4 Statistical analysis of the primary peak

The primary peaks are found synchronous and with similar amplitude in all three channels; therefore we believe that the primary peak is the result of the net charge deposition to the spacecraft's body due to impact. In this section, we examine the statistical properties for the primary peaks, such as the distribution of their amplitudes and their rise and decay times. We also compare these to theoretical predictions.

4.1 Amplitude distribution

We analyzed the primary peak amplitudes (as described in Sect. 2.3 and Appendix D) as these are the better measure of the total released charge, compared to the channel global maxima reported previously (Zaslavsky et al., 2021), since the dataset now excludes secondary peaks' amplitudes. The smallest consistently resolved peaks are ≳0.5 mV, and the largest included peaks are amplitudes of ≤0.3 V. Assuming the relation between the primary peak amplitude V and the charge Q in the form of Eq. (4), we find the mean charge to be Q_mean≈21 pC and the median to be Q_median≈8.1 pC. Further discussion is available in Appendix E.
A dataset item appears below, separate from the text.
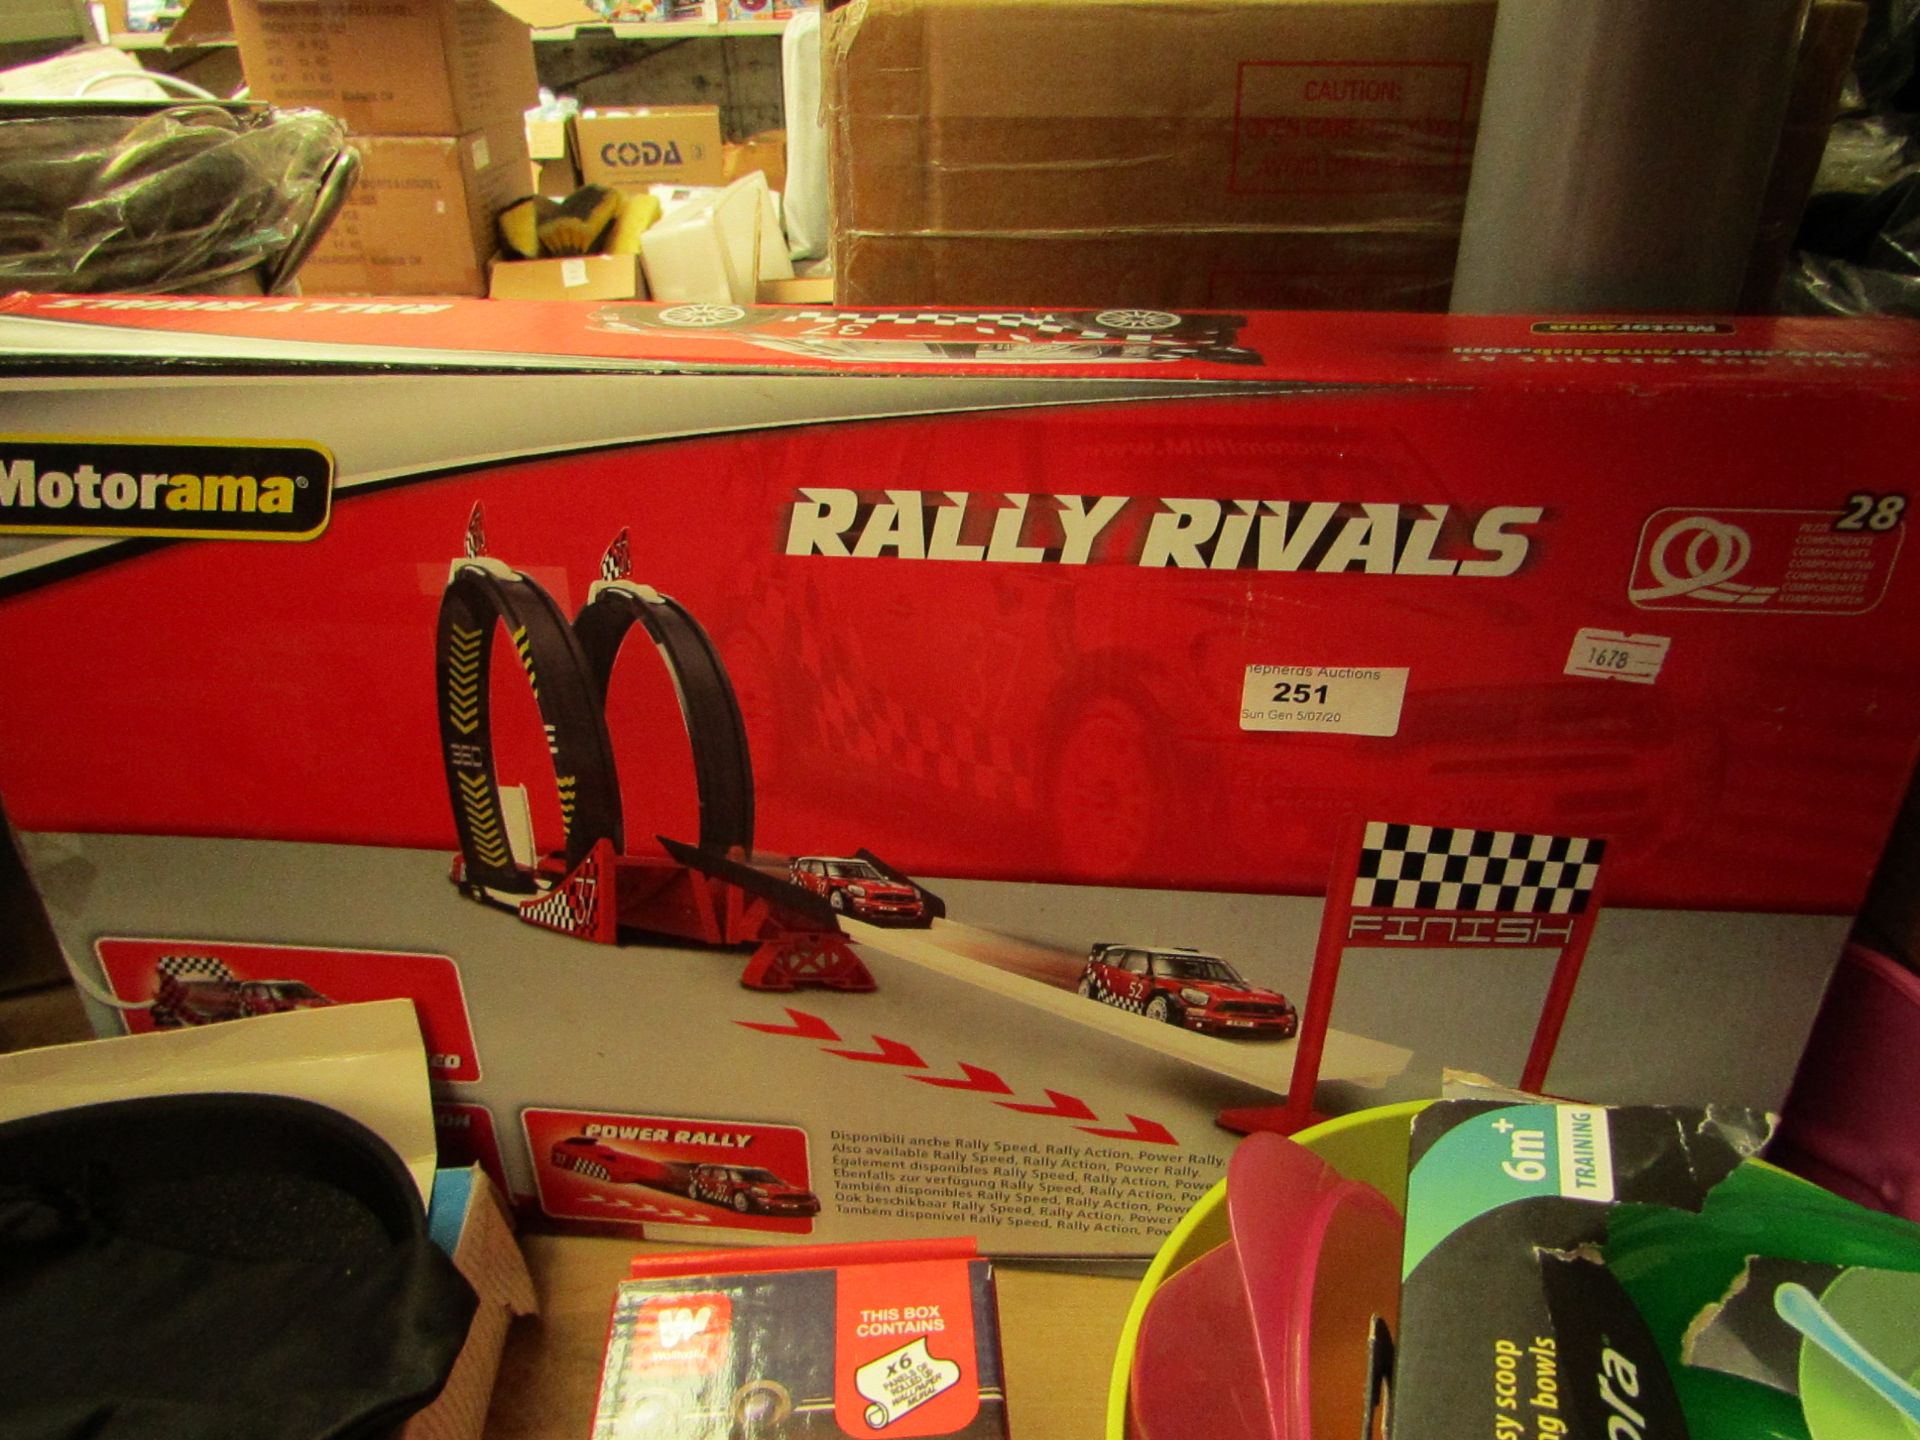 Motorama Rally Rivals packaged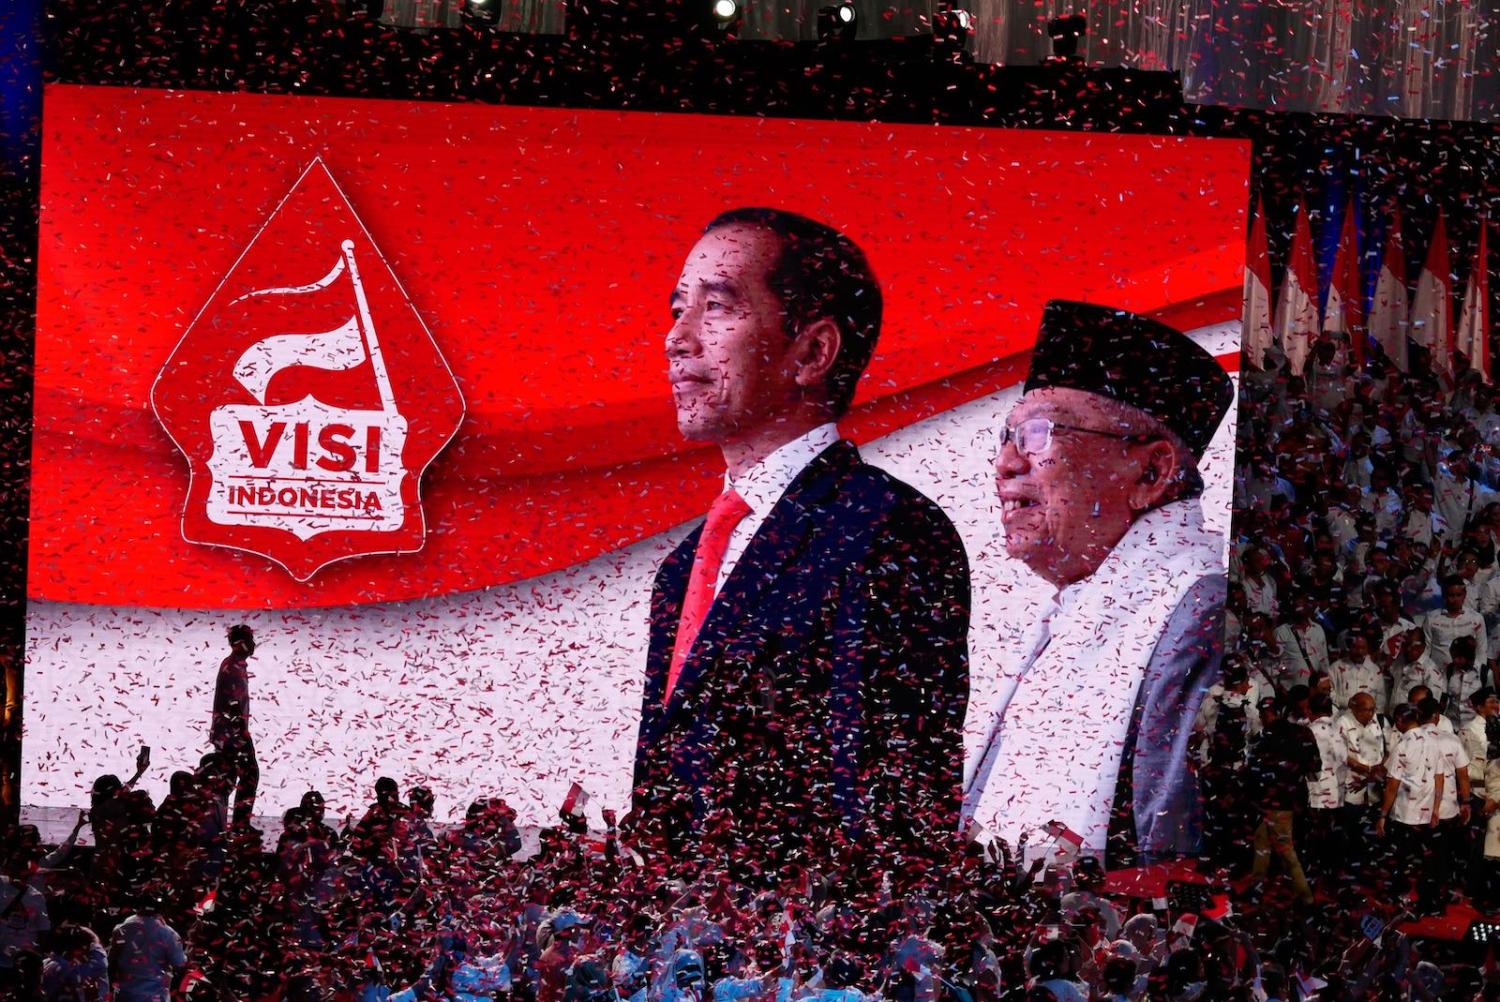 Preparations earlier this month for Jokowi to deliver a presidential vision and mission following his recent election victory (Photo: Anton Raharjo via Getty)

The charge production equation (see Eq. 1) for Solar Orbiter is unknown. We assume a production relation as in McBride and McDonnell (1999), that is $\frac{Q}{C}=\mathrm{0.7}{\left(\frac{m}{\mathrm{kg}}\right)}^{\mathrm{1.02}}{\left(\frac{v}{\mathrm{km}{\mathrm{s}}^{-\mathrm{1}}}\right)}^{\mathrm{3.48}}$, and a mean incident velocity as in Kočiščák et al. (2023), v_mean=63 km s⁻¹. We find the mean incident dust mass $m_{\mathrm{mean}}\approx \mathrm{1.5}\times {\mathrm{10}}^{-\mathrm{17}}$ kg, which corresponds to a spherical dust grain with the diameter of 0.24 µm, assuming the density of ρ=2 g cm⁻³.

4.2 Rise time

We analyzed the rise time of the primary peak and compared it with the estimates presented in Meyer-Vernet et al. (2017) for the case of the sunlit impact surface and for the case of the shaded impact surface (see Sect. 3.5). We adapted the estimates to the median charge of 8.1 pC, as well as the ion speeds of v_i=10 and 20 km s⁻¹, obtained as described in Sect. 3.5. The estimates were done assuming only one (photoelectron shielding or ambient plasma shielding) process, while the other one plays a role as well, as described in Meyer-Vernet et al. (2017) Therefore, even sunlit estimates are overestimates. On the experimental side, the exact definition of the rise time is important, as the rise profile is usually not exponential. In order to exclude a potential fast contribution of the induced charge (as in Sect. 3.3.1), we define the rise time as the time needed to get from $\mathrm{1}/e$ of the maximum to the maximum value of the peak.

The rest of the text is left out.